MEXICO CITY -- GRUMA, S.A.B. de C.V. (“GRUMA”) (BMV: GRUMAB) informs that,on July 25, 2017, an arbitral tribunal established under the Convention on the Settlement of Investment Disputes Between States and Nationals of Other States ("ICSID Convention") has ruled in favor of its Spanish subsidiaries Valores Mundiales, S.L. and Consorcio Andino, S.L. in the arbitration initiated by those subsidiaries against the Bolivarian
Republic of Venezuela (the "Republic") for breach of the bilateral investment treaty between Spain and Venezuela).
Pursuant to the Award issued by the arbitral tribunal, the Republic must pay to Valores Mundiales, S.L. and Consorcio Andino, S.L. (collectively, the "Claimants") US$430.4 million in damages for violating certain provisions of the Treaty, plus compounded interest at LIBOR + 2% as from January 22, 2013 and until the effective date of payment of the Award.
As of today, the amount of compensation owed under the Award plus interest equals approximately USD $ 484 million.
The tribunal also ordered the Republic to pay more than USD $ 5.9 million in legal expenses and costs incurred by the Claimants in the course of the arbitration.
As previously informed, in May 2013, the Claimants commenced the arbitration seeking compensation for damages
caused by various measures imposed by the Republic, including, inter alia, the adoption of an Expropriation Decree in 2010, which affected the investments of the Claimants in their respective Venezuelan subsidiaries Molinos Nacionales, C.A. and Derivados de Maíz Seleccionado, DEMASECA, C.A.

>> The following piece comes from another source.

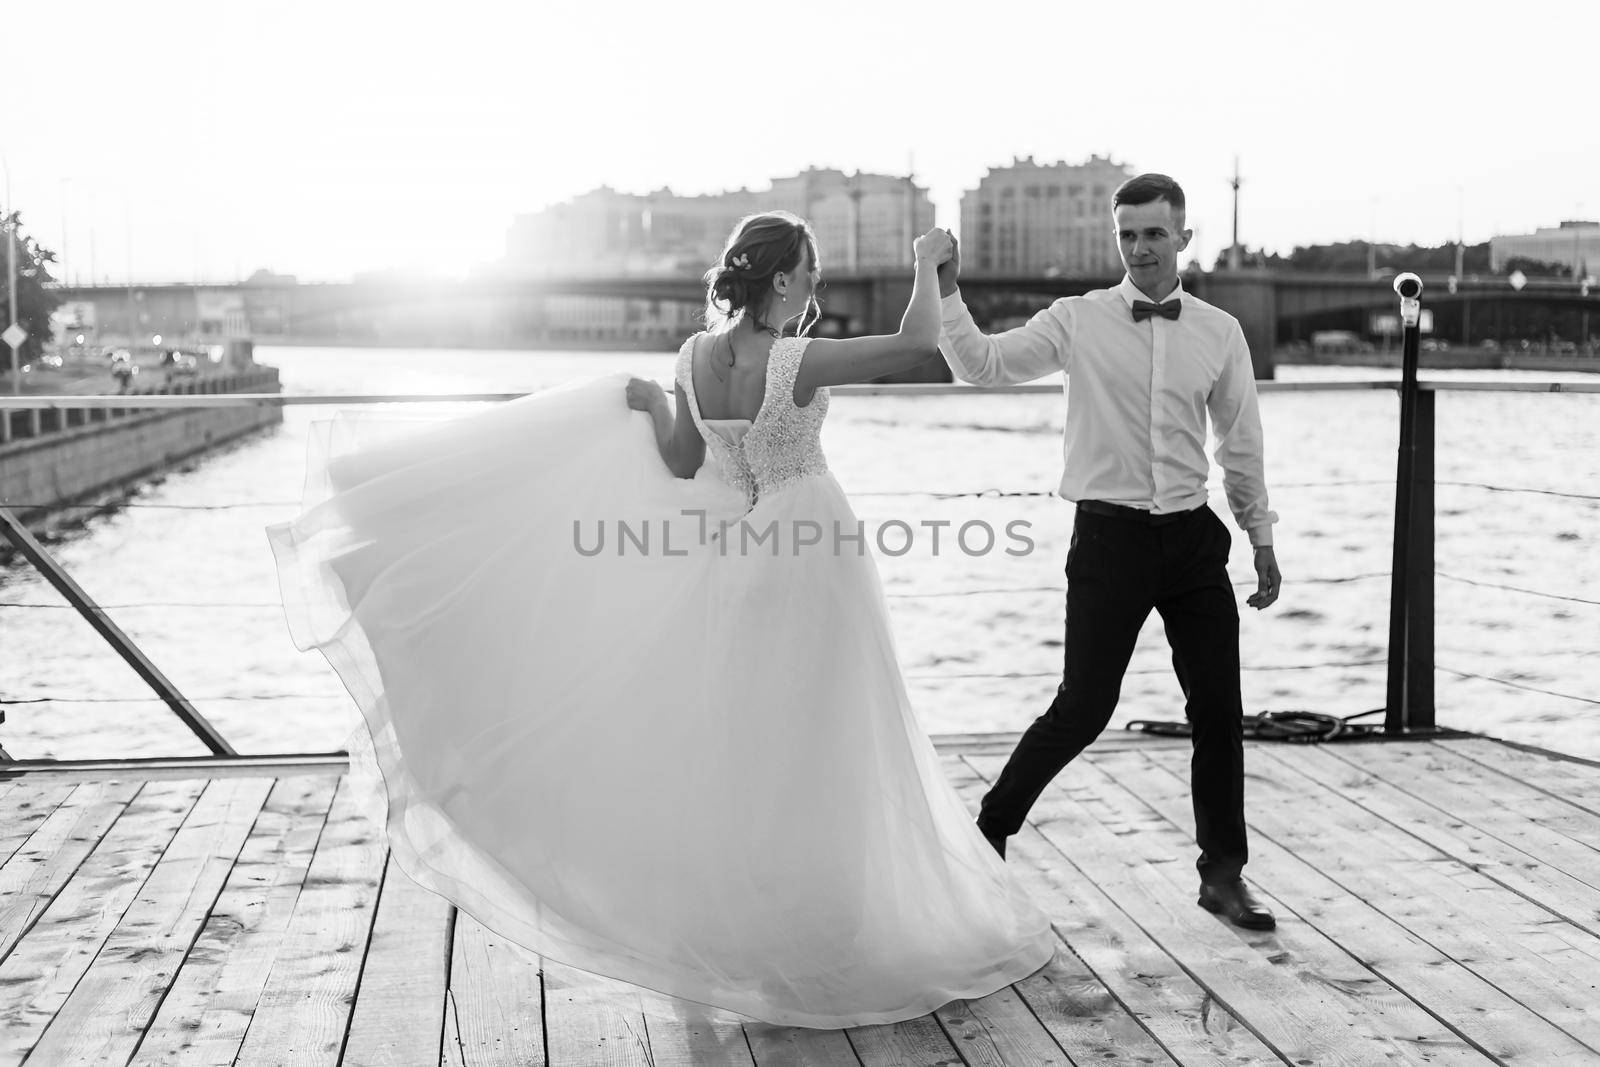 The dance of the bride and groom. Wedding article. A happy couple. Love. Photos for printed products. by alenka2194

In the Award, the tribunal granted most of the Claimants' claims and concluded that the Republic breached the Treaty by:
- (i) failing to grant fair and equitable treatment to the Claimants' investments;
- (ii) having taken arbitrary measures that impeded the management and development of Claimants' investments; and (iii) having impeded the free transfer of funds related to the Claimants' investments.
The Tribunal dismissed the claim for indirect expropriation made by the Claimants.
Venezuela may seek annulment of the Award (as well as other post-award relief under the ICSID Convention) and the stay of enforcement of the Award while those proceedings are pending. Even if the execution of the Award is not
suspended, its execution may still present significant challenges. Accordingly, the impact of the Award on the company cannot reasonably be estimated at this time.
The Claimants and their legal counselors are evaluating the scope of the Award and will take appropriate steps to enforce and collect the Award, and to pursue their legal interests.ABOUT GRUMA
Since 1949, GRUMA, S.A.B. de C.V., is one of the world's leading tortilla and corn flour producers. With leading brands in most of its markets, GRUMA has operations in the United States, Mexico, Central America, Europe, Asia and Oceania. GRUMA is headquartered in San Pedro Garza García, Mexico, and has approximately 20,000 employees and 73 plants. In 2016, GRUMA had net sales of US$3.6 billion, of which 75% came from non-Mexican operations.